**Problem to work on**
Could you set down the listing below exactly and omit its images?

::: Source data

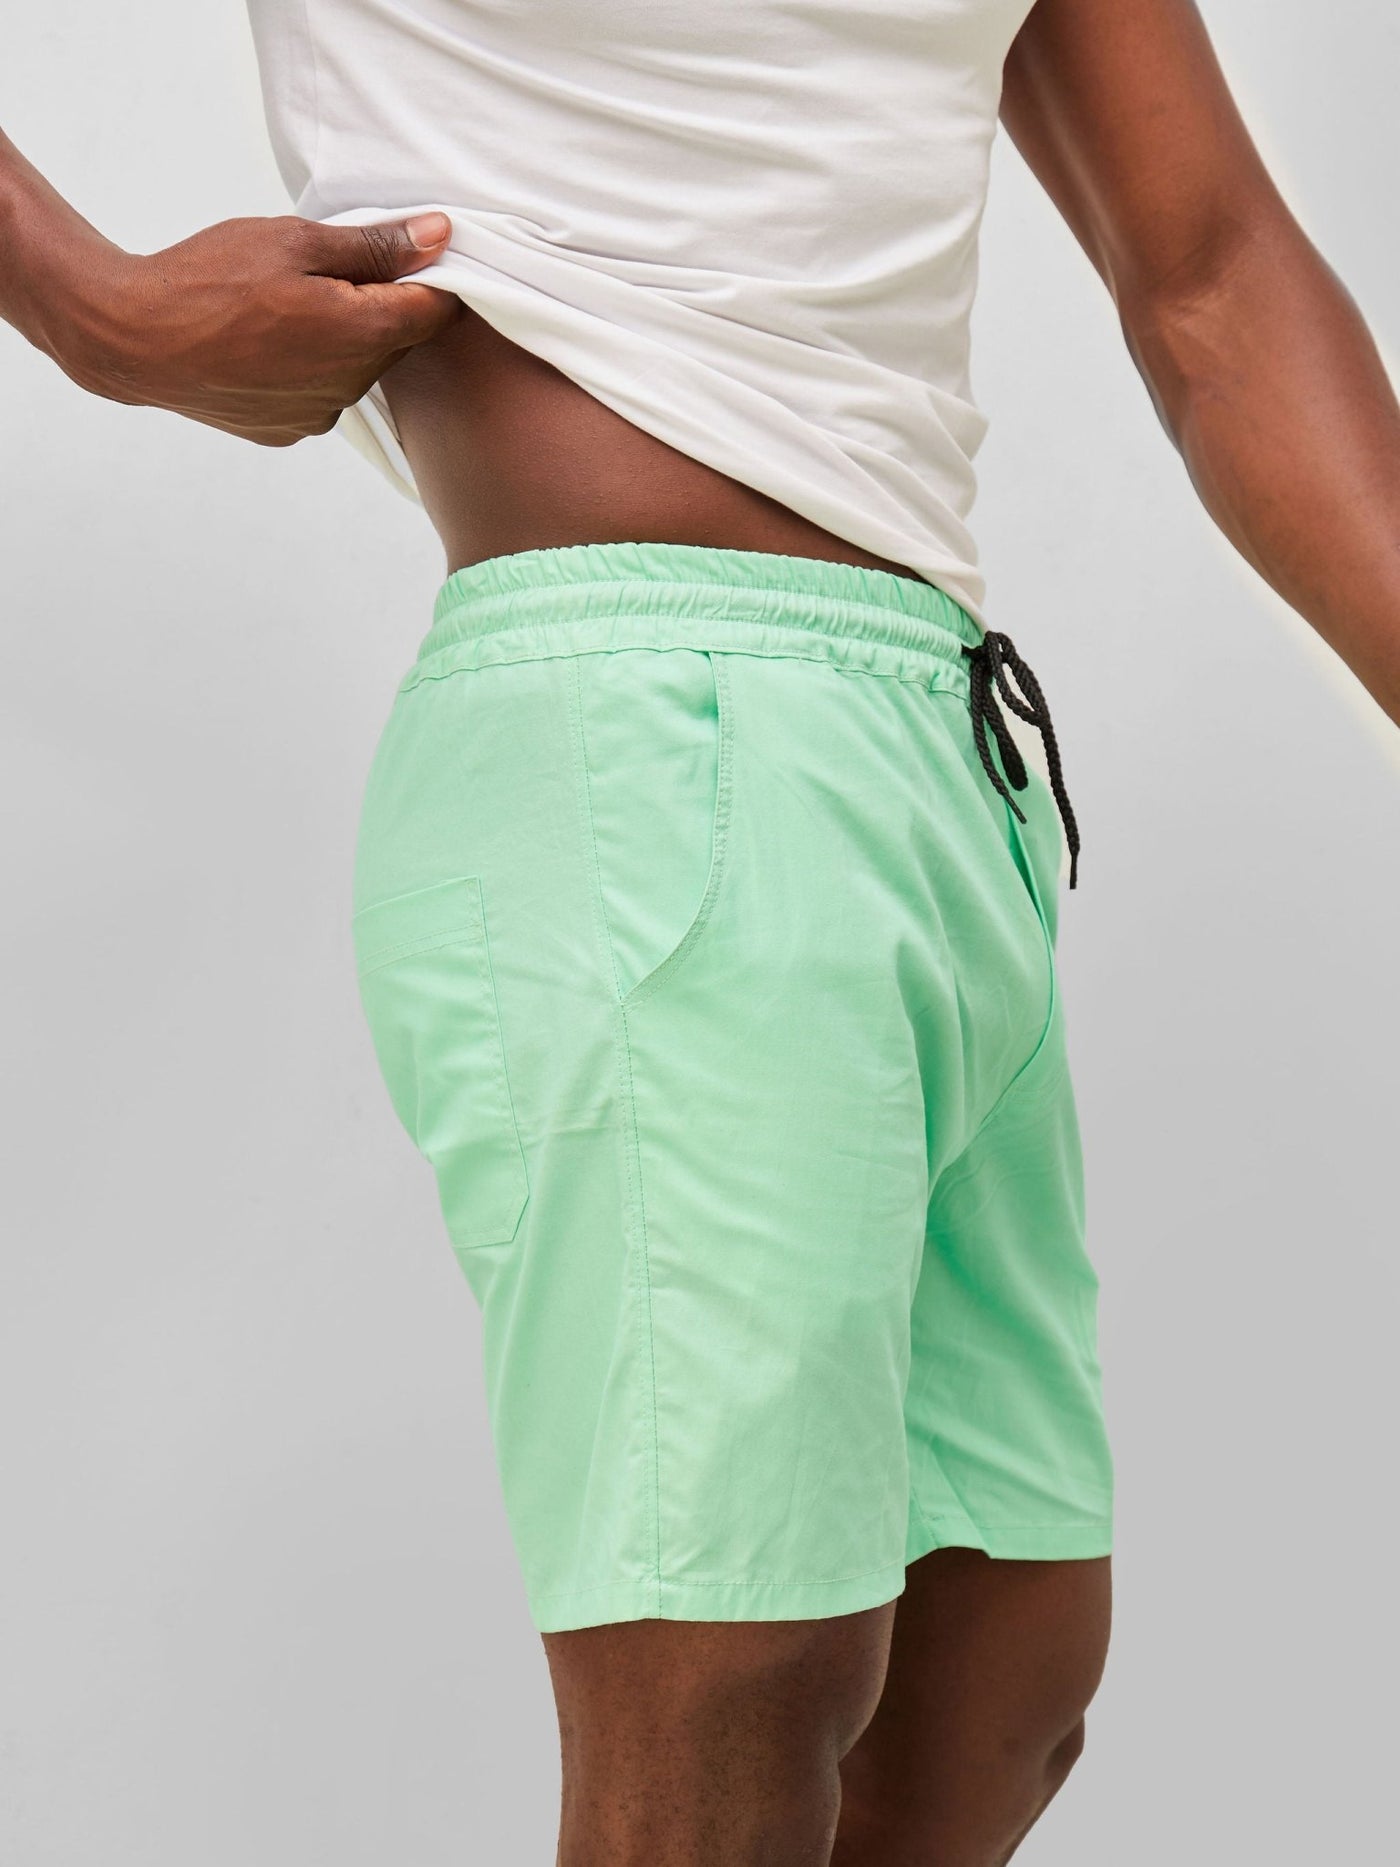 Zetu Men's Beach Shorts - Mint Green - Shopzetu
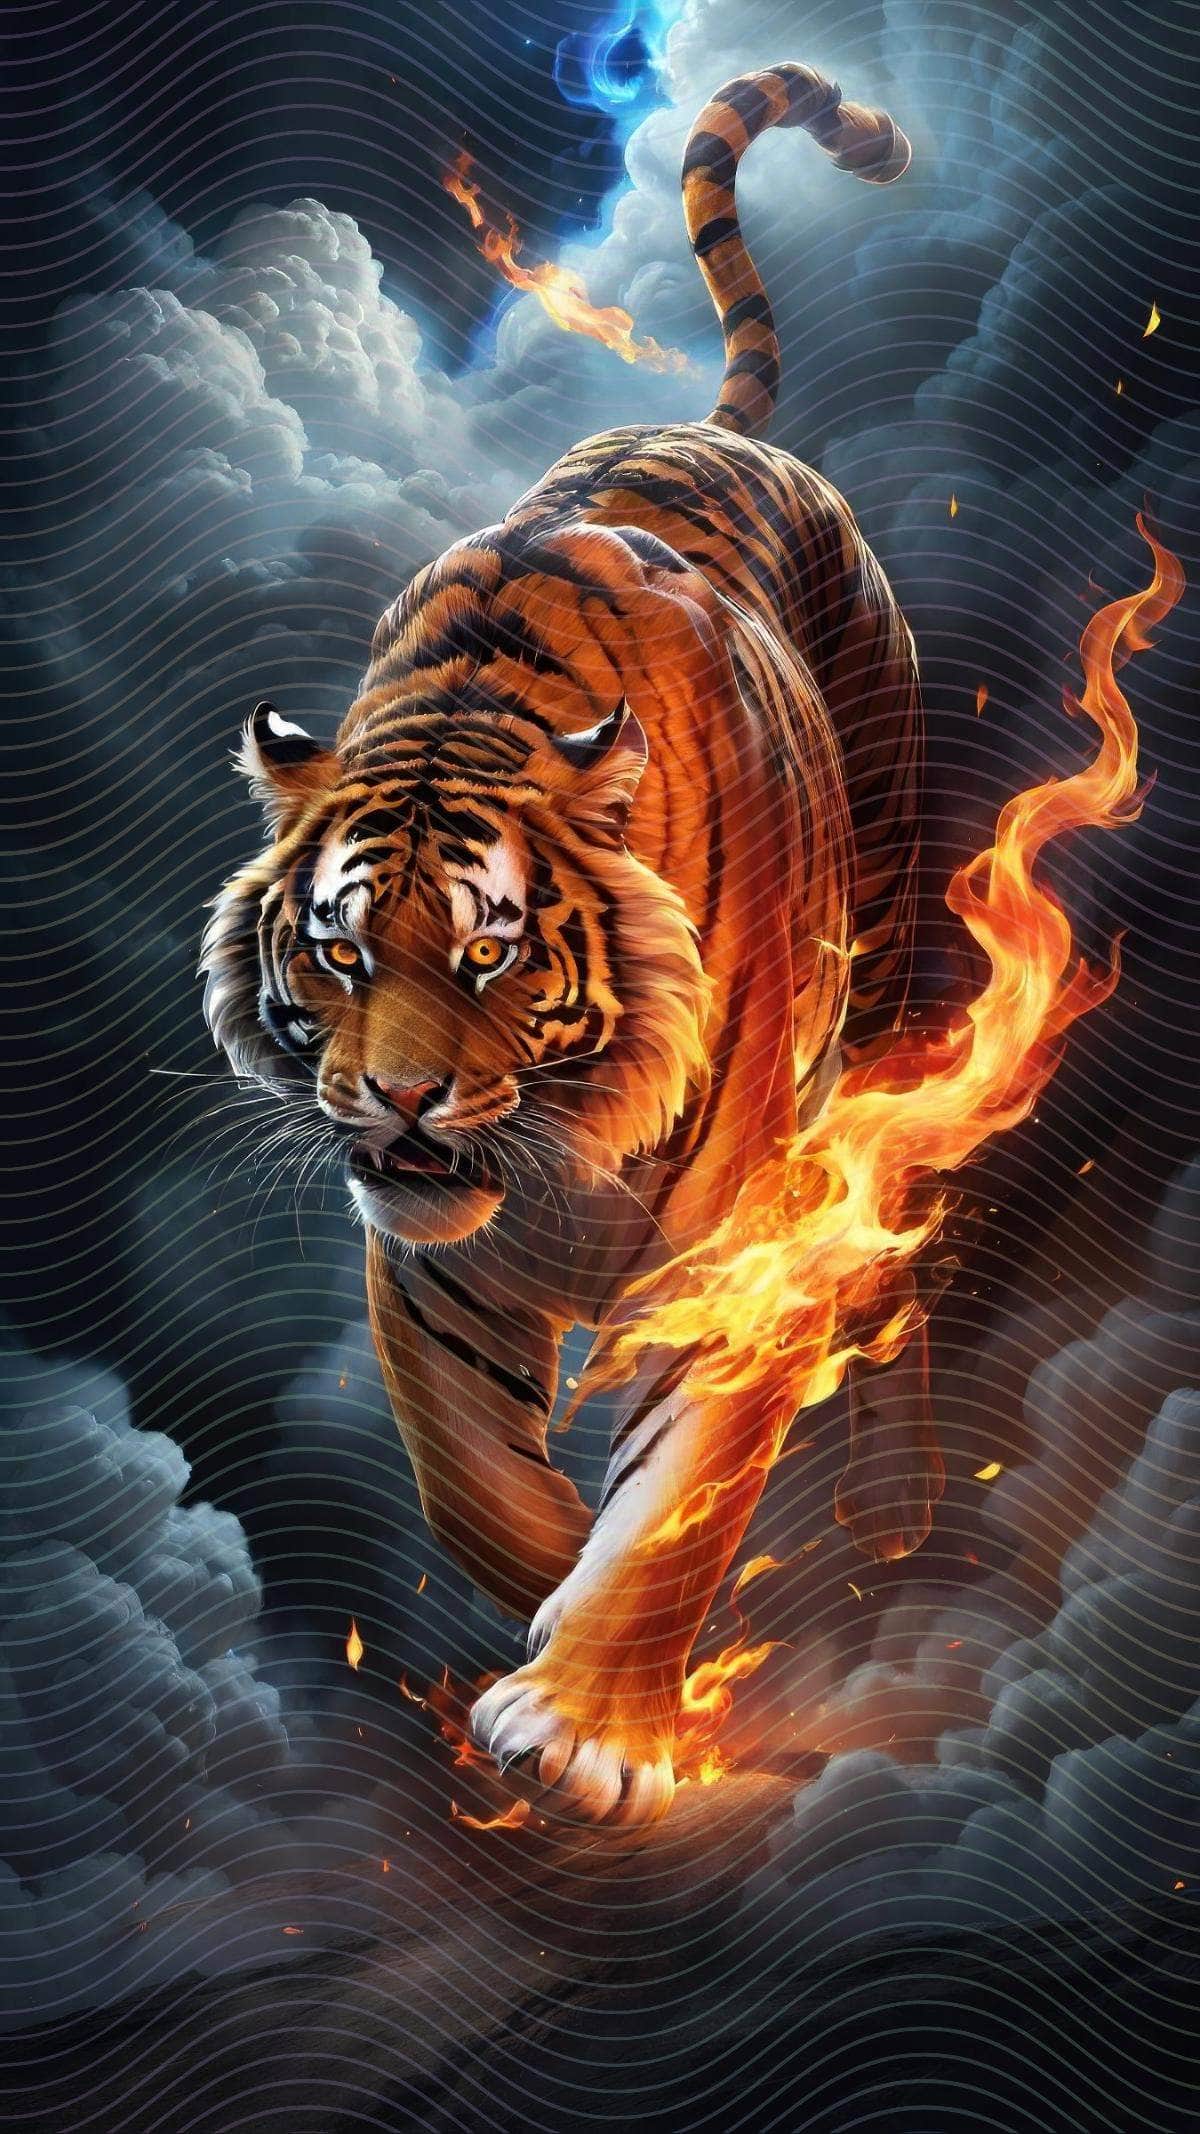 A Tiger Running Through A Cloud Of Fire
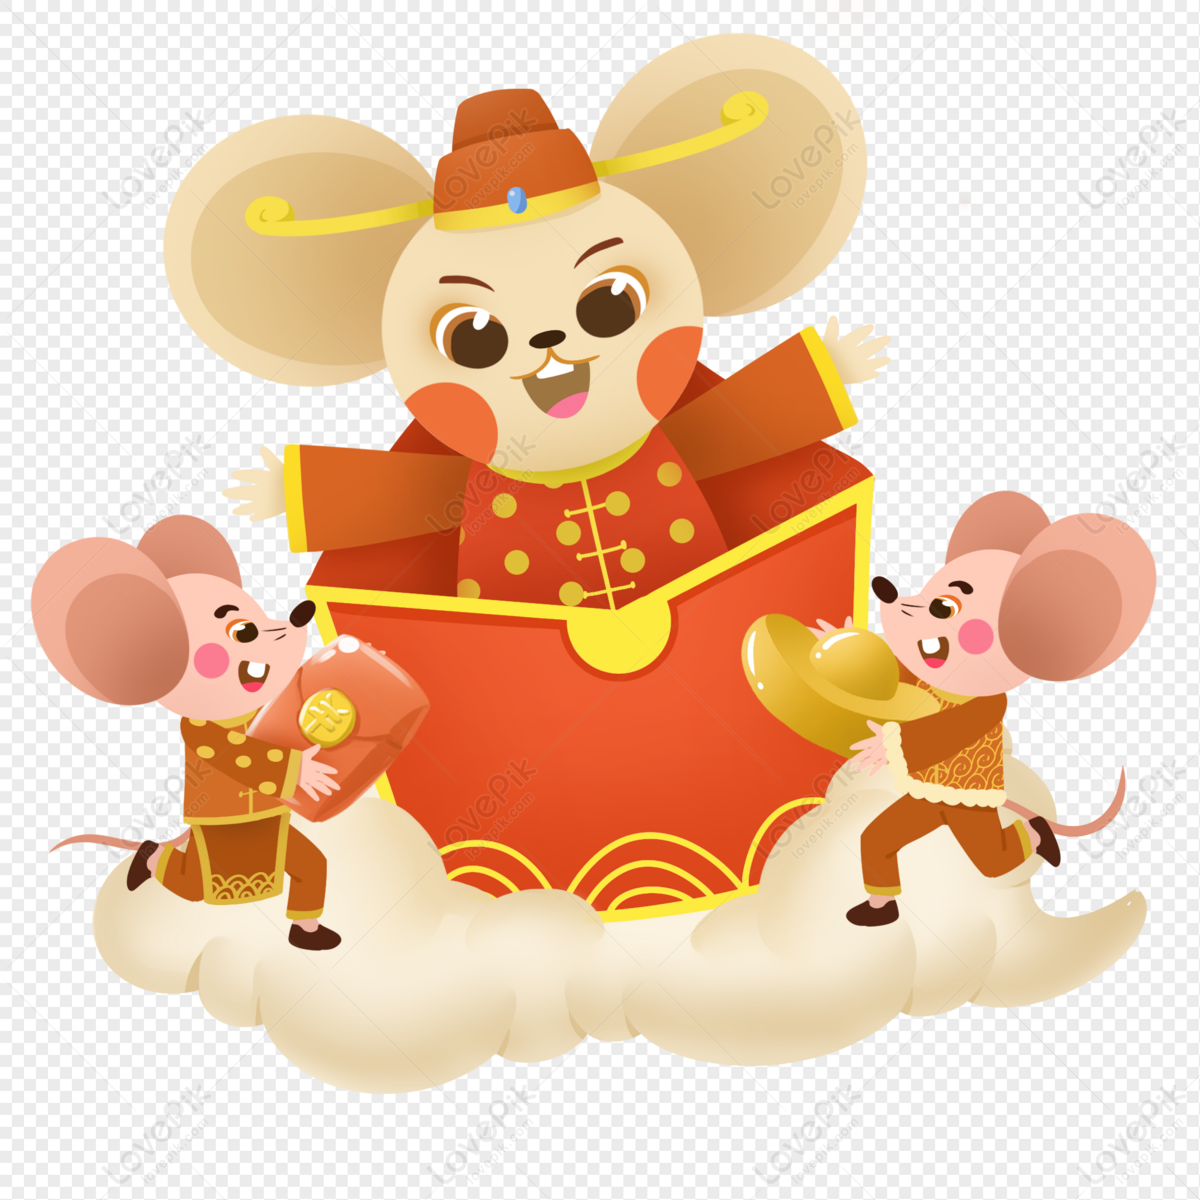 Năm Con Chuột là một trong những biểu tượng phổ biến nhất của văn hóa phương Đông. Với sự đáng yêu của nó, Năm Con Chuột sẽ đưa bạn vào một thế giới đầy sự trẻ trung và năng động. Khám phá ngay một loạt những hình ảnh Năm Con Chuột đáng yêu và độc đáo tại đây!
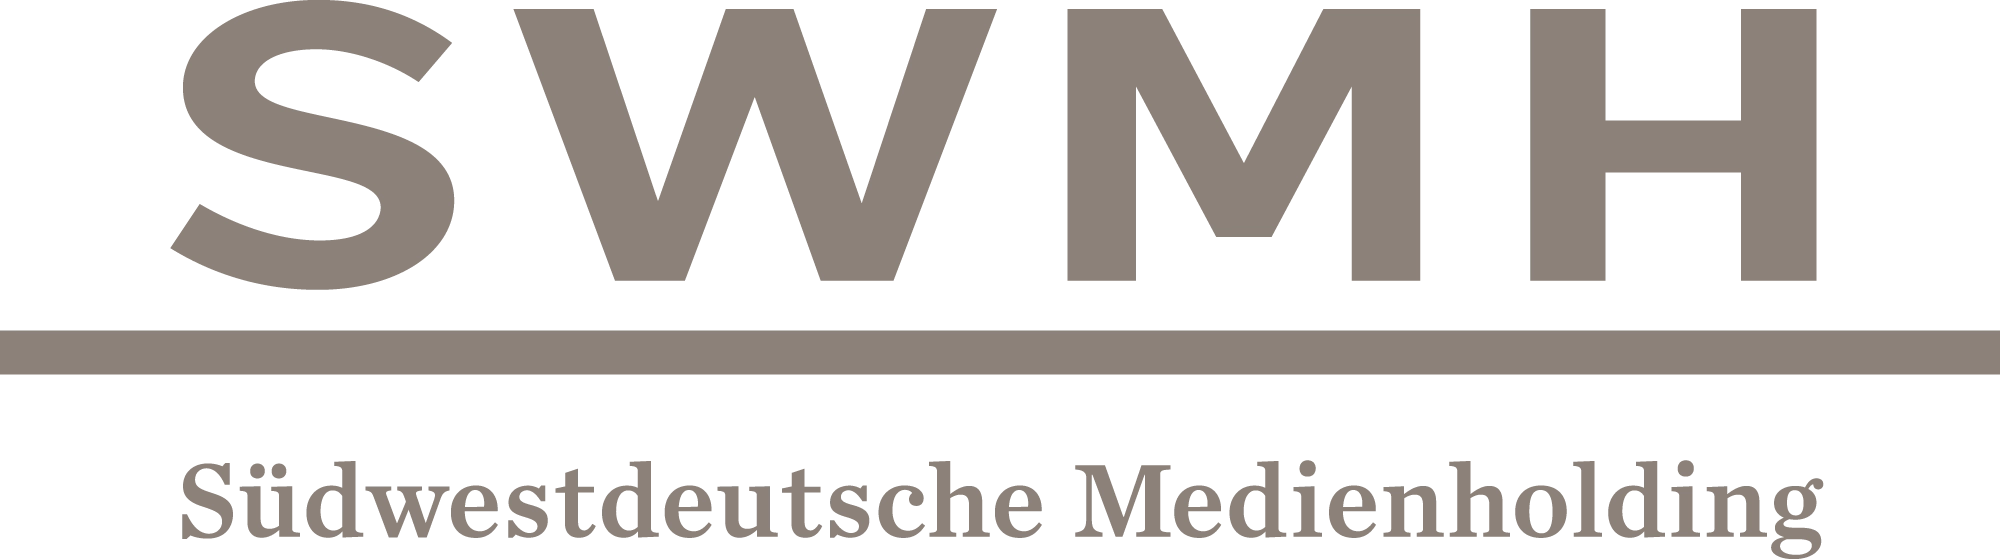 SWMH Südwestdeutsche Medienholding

::::::

**Task answer**
 Zetu Men's Beach Shorts - Mint Green - Shopzetu
 A Tiger Running Through A Cloud Of Fire
 Năm Con Chuột là một trong những biểu tượng phổ biến nhất của văn hóa phương Đông. Với sự đáng yêu của nó, Năm Con Chuột sẽ đưa bạn vào một thế giới đầy sự trẻ trung và năng động. Khám phá ngay một loạt những hình ảnh Năm Con Chuột đáng yêu và độc đáo tại đây!
 SWMH Südwestdeutsche Medienholding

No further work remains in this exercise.